> _EXERCISE GOAL_
Only the stretch below from the line holding "Xe buýt học đường - đây" through the line holding "Vitamin C Lipo-Sachets" should be restated, word for word and with both ends included; pictures stay out.

> _DATA LISTING_
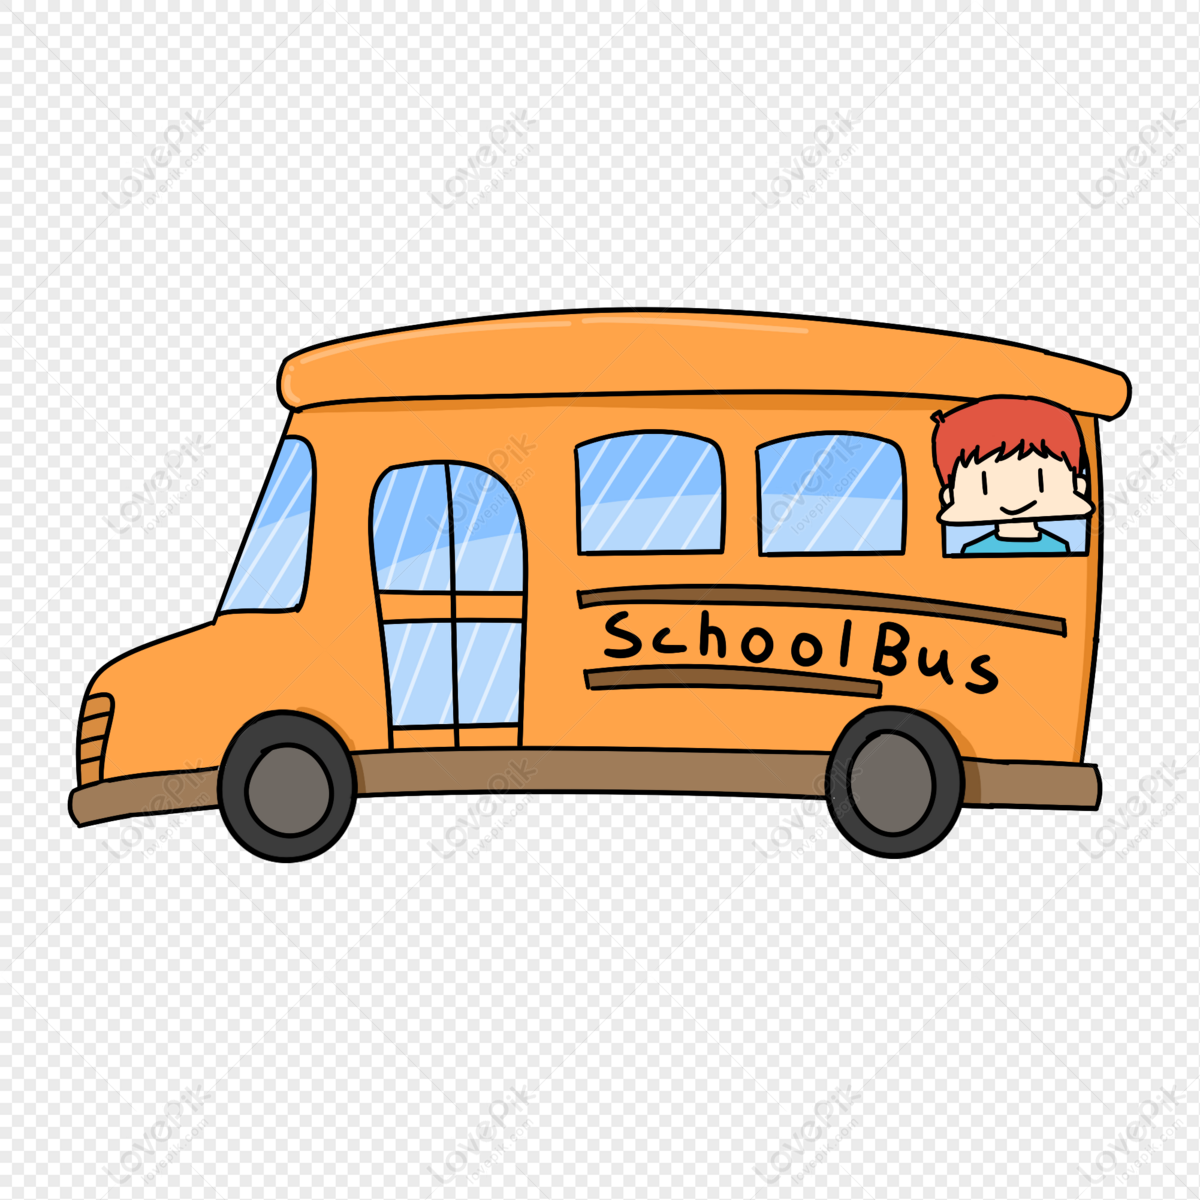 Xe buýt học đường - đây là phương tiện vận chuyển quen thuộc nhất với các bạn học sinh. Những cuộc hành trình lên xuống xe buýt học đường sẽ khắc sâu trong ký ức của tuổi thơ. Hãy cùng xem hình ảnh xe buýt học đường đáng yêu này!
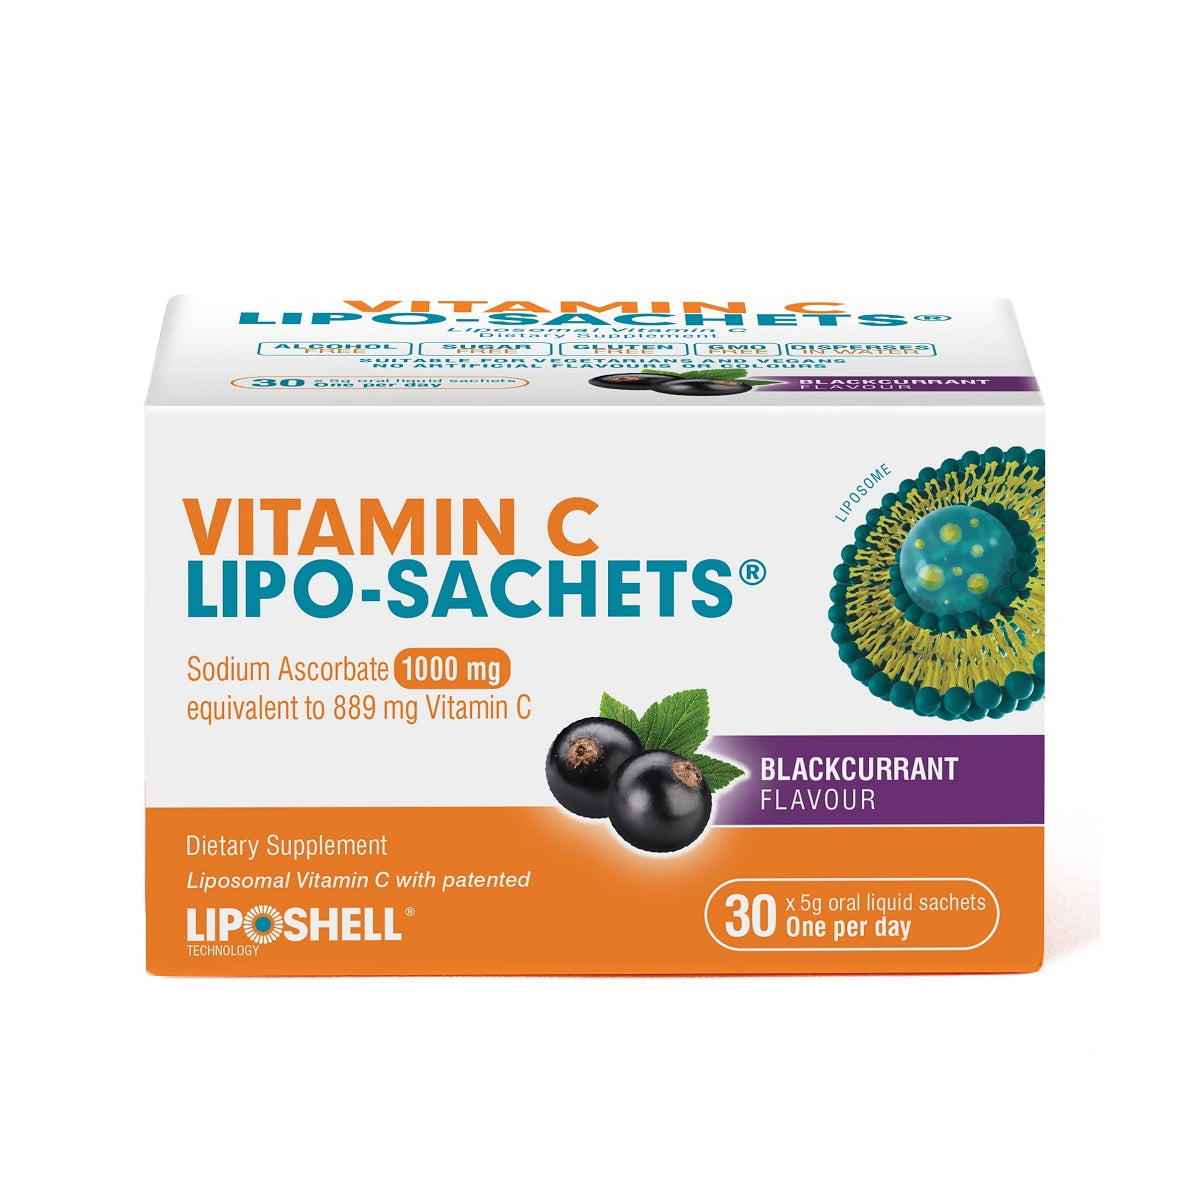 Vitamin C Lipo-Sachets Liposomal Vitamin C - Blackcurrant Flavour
--
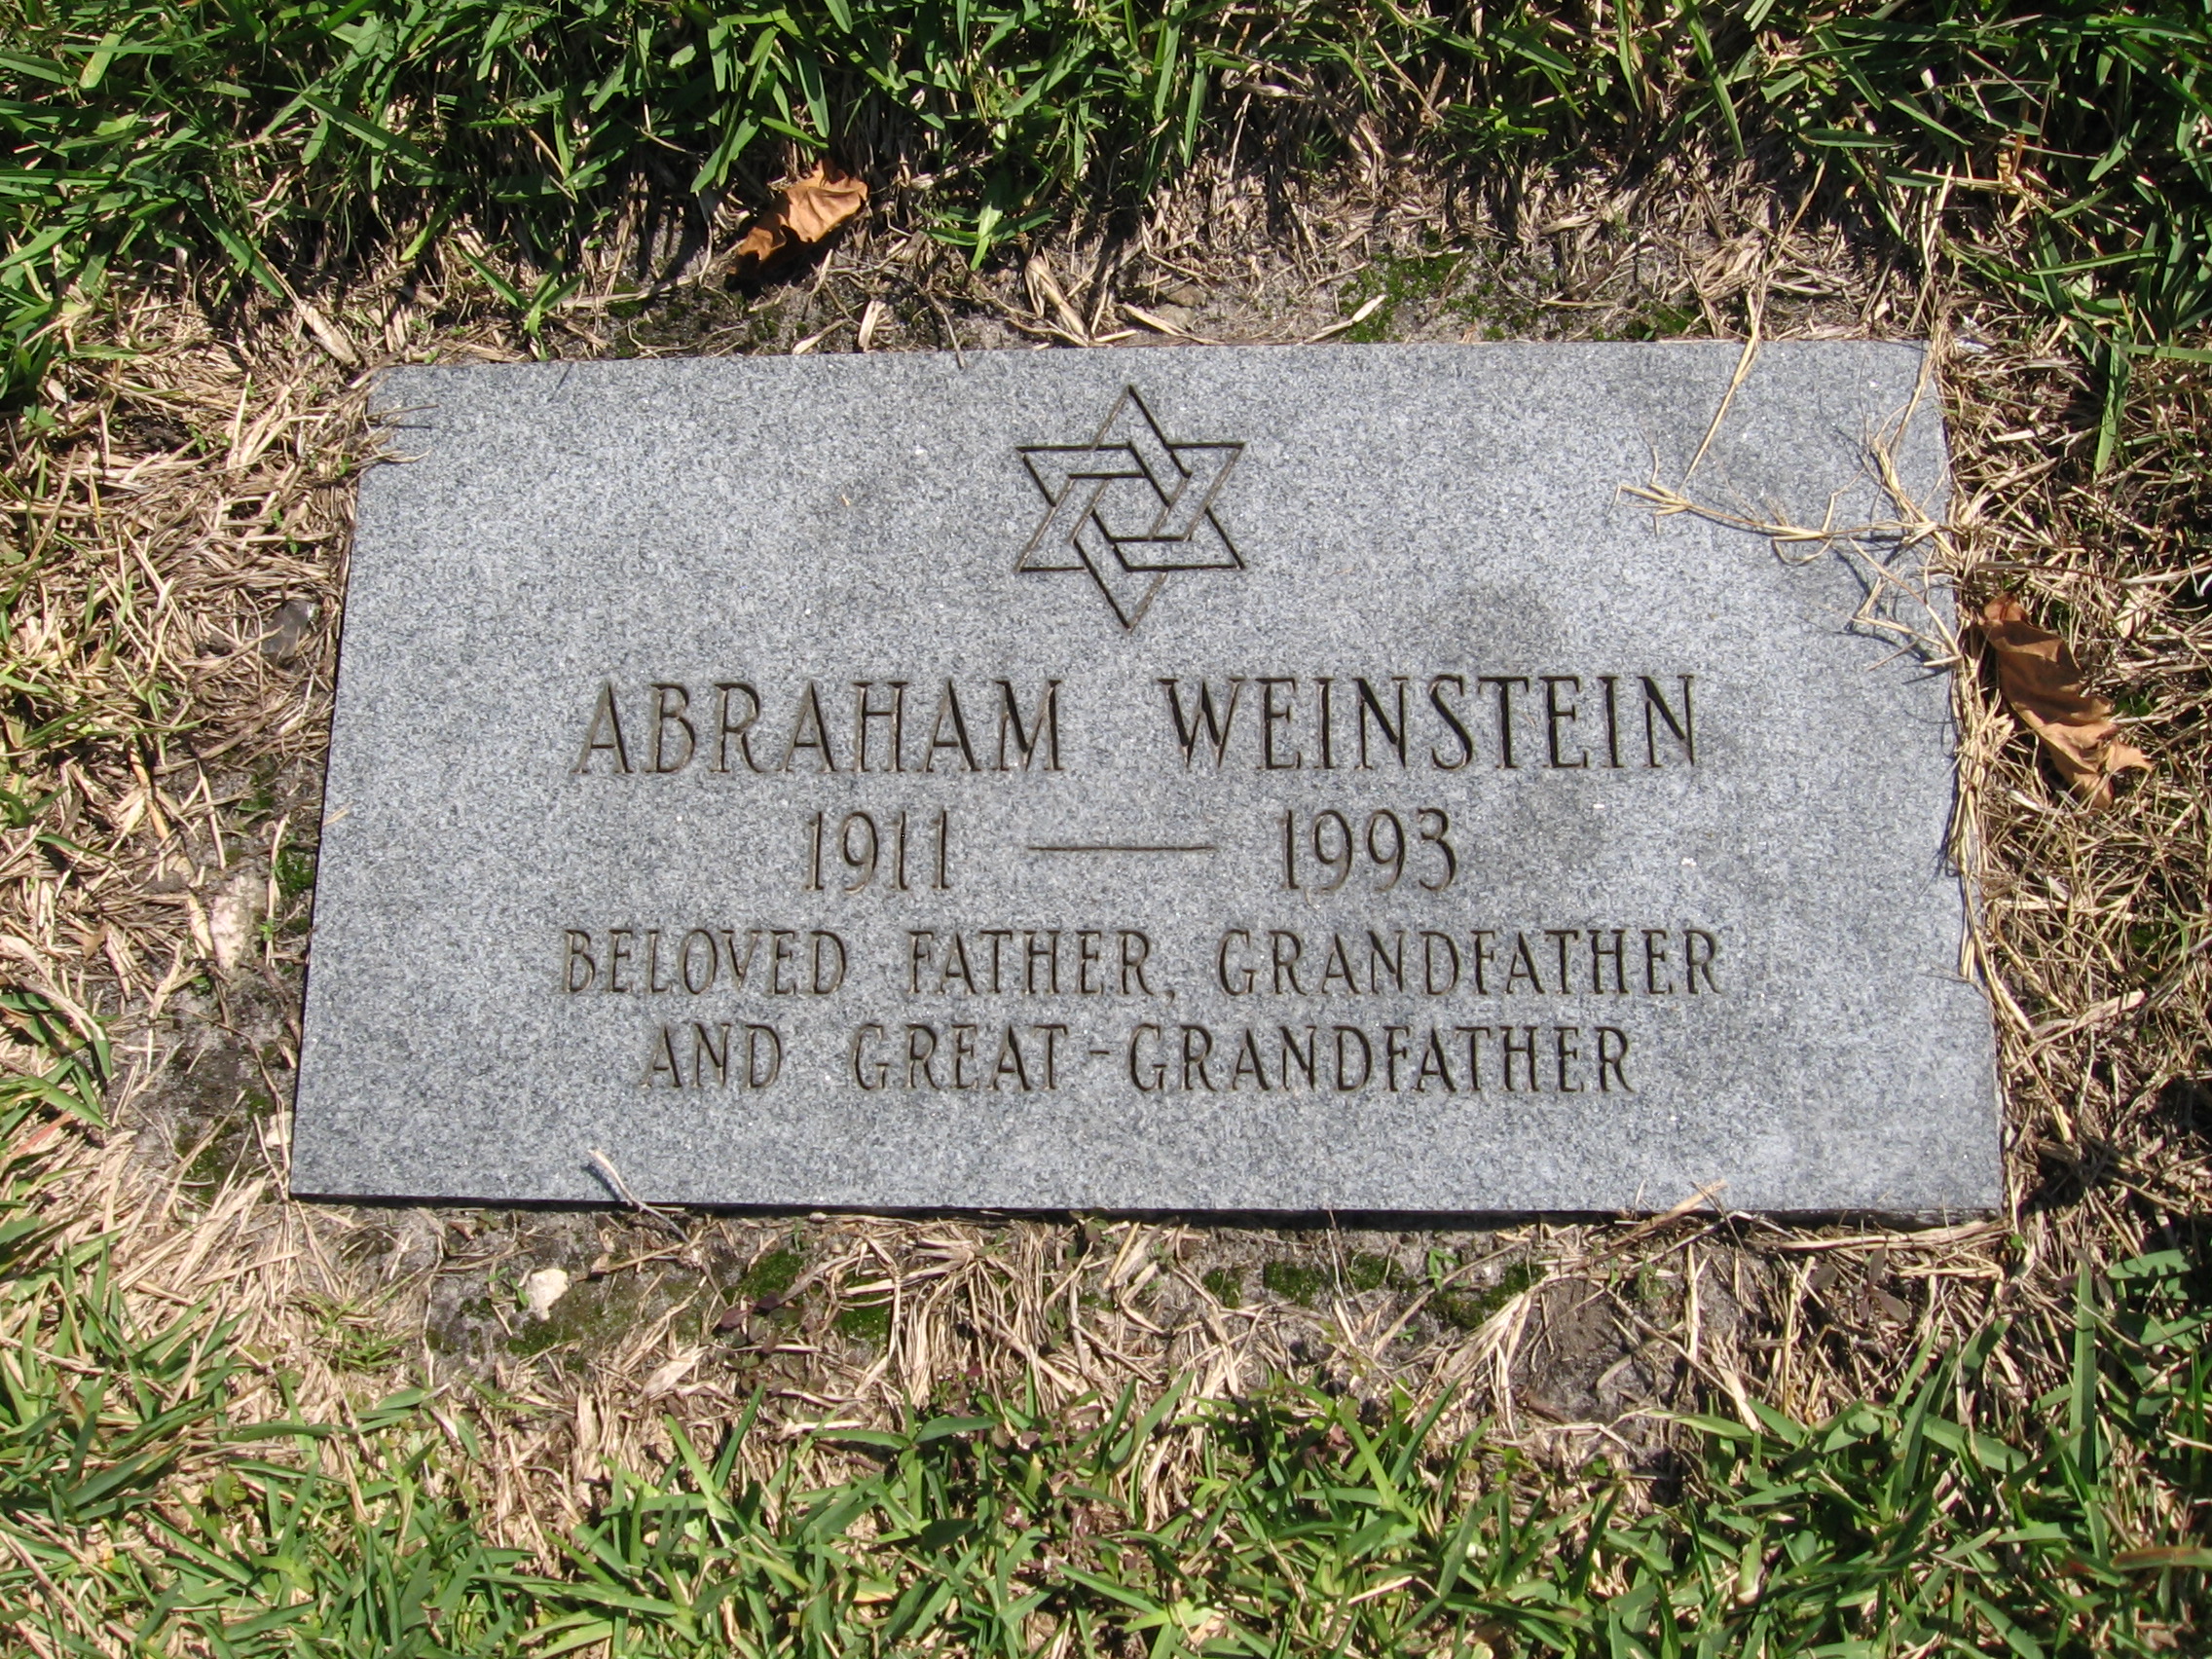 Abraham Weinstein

> _ANSWER SPACE_
 Xe buýt học đường - đây là phương tiện vận chuyển quen thuộc nhất với các bạn học sinh. Những cuộc hành trình lên xuống xe buýt học đường sẽ khắc sâu trong ký ức của tuổi thơ. Hãy cùng xem hình ảnh xe buýt học đường đáng yêu này!
 Vitamin C Lipo-Sachets Liposomal Vitamin C - Blackcurrant Flavour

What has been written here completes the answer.